Every day for months, I went to my dingy office on the second floor of Building B at Tuol Sleng Museum of Genocide, a former high school turned into one of the most brutal prisons ever known. We microfilmed hundreds, and then thousands, of mildewed, stained pages of terror extracted from prisoners under horrendous suffering. People, long dead, either murdered or starved. Journalists often interviewed me, asking how I could stand to work in such a place. Wasn’t it heartbreaking? Did I feel/hear any ghosts? Yes, and yes.

But as weeks passed, my answers changed. So did I. Bearing witness to true evil is no joke. I discovered my humanity during those months, my empathy. I hope I began to see. To listen. Yes, MS inflicted its own version of torture. But I was unlikely to die of it. I had no blood-stained iron shackles causing my limp. Or a sharp stick poked into my eye causing my vision loss. I had the freedom to choose hope. Flicking on a light switch or watching a crow sail across a sapphire sky. It’s taken me decades to reconcile the meaning of that experience.

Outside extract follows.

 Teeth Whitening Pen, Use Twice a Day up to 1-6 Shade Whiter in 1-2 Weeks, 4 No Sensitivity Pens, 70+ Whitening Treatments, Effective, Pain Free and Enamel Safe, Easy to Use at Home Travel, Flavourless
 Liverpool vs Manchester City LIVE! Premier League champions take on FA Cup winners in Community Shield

My newly published historical fiction novel, THE FOREIGNER'S CONFESSION, is set in Cambodia and draws deeply from my time there. I have tried to make sense of what I witnessed, while also finding my own truth within the horror and beauty that is Cambodia.

THE FOREIGNER'S CONFESSION by Lya Badgley

The Foreigner's Confession

After a horrific accident shatters her world and leaves her an amputee, American attorney Emily Mclean moves to Phnom Penh, Cambodia, to work with landmine survivors. She hopes to reinvent herself in this new land, leaving behind her sense of culpability in the death of her husband and the loss of her unborn child.

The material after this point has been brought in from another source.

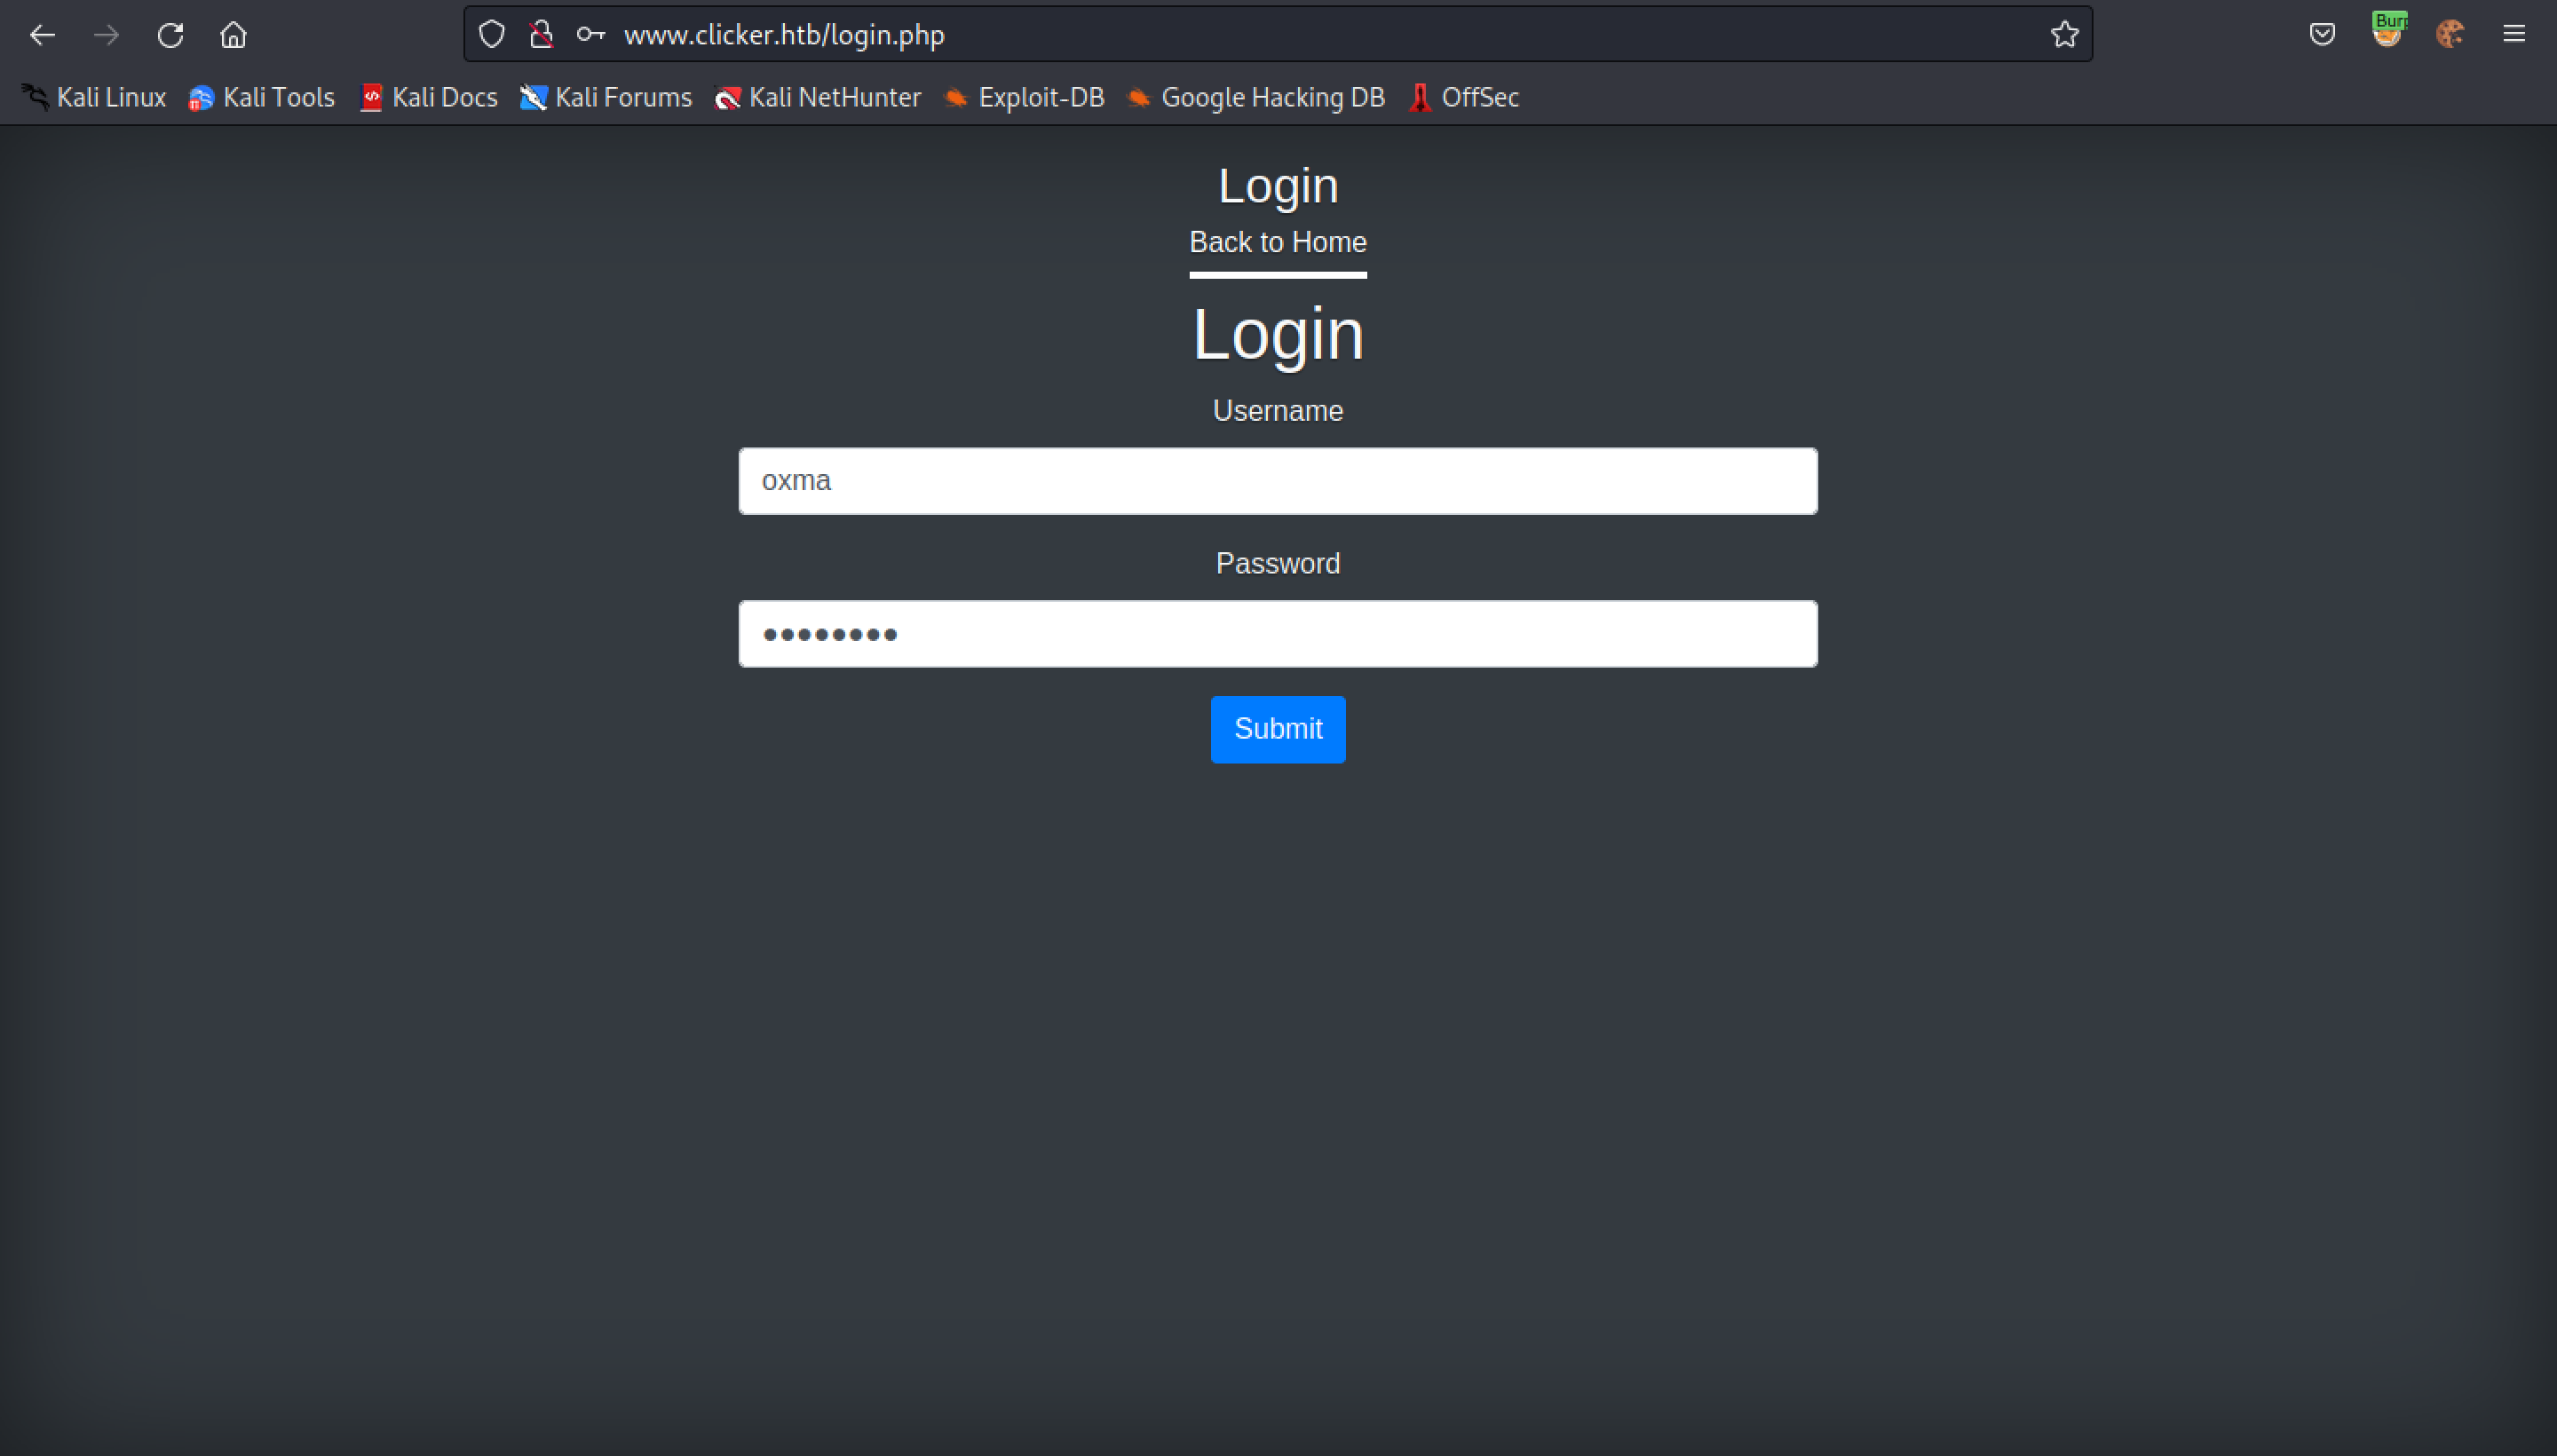 Logging into the web application.

While visiting the Tuol Sleng Museum of Genocide, Emily discovers that she shares an eerie resemblance to a portrait of a former prison inmate, Milijana Petrova, a Yugoslavian communist revolutionary who, in the 1970s, became fatally enmeshed with the brutal Khmer Rouge regime. Emily is not the only one who notices the astonishing similarity—her Cambodian driver insists she is the ghost of Milijana, come back to complete a mysterious task.

This unexpected discovery consumes Emily, who starts desperately searching for answers about Milijana in historical documents from Cambodia’s devastating civil war. As she begins to uncover more clues about Milijana’s life—from the horrible mistakes she made to the terrible price she paid—further similarities between the two women start to emerge, and their stories become intertwined. What happens when life is turned upside down and the boundaries between past and present, life and death, are blurred? Can Emily’s discoveries help her to finally emerge from the pain of her own past, or will Milijana’s tragic end foretell her own?

Mystery | Literature and Fiction [Lure Press, On Sale: February 1, 2022, Hardcover / e-Book, ISBN: 9781737826507 / eISBN: 9781737826514]

About Lya Badgley

Lya Badgley

Author Lya Badgley was born in Yangon, Myanmar, and spent much of her life in Southeast Asia. She moved to the Pacific Northwest in the eighties, where she became a part of the Seattle arts and music scene.

In the nineties, she returned to Asia, where she opened a restaurant in Myanmar, interviewed insurgents for Human Rights Watch, and microfilmed documents at Tuol Sleng Museum of Genocide in Cambodia, helping to bring war criminals to justice. She's been an elected city council member and a dedicated environmental activist.

She is fascinated by the culture and customs of the region, which has been a huge inspiration for her writing. Tense war zones and insurgencies offer an intense backdrop for her stories. Political and social upheaval vividly mirrors the personal and sometimes violent transformations of her strong female protagonists.

Badgley lives in Snohomish, Washington with her Serbian husband.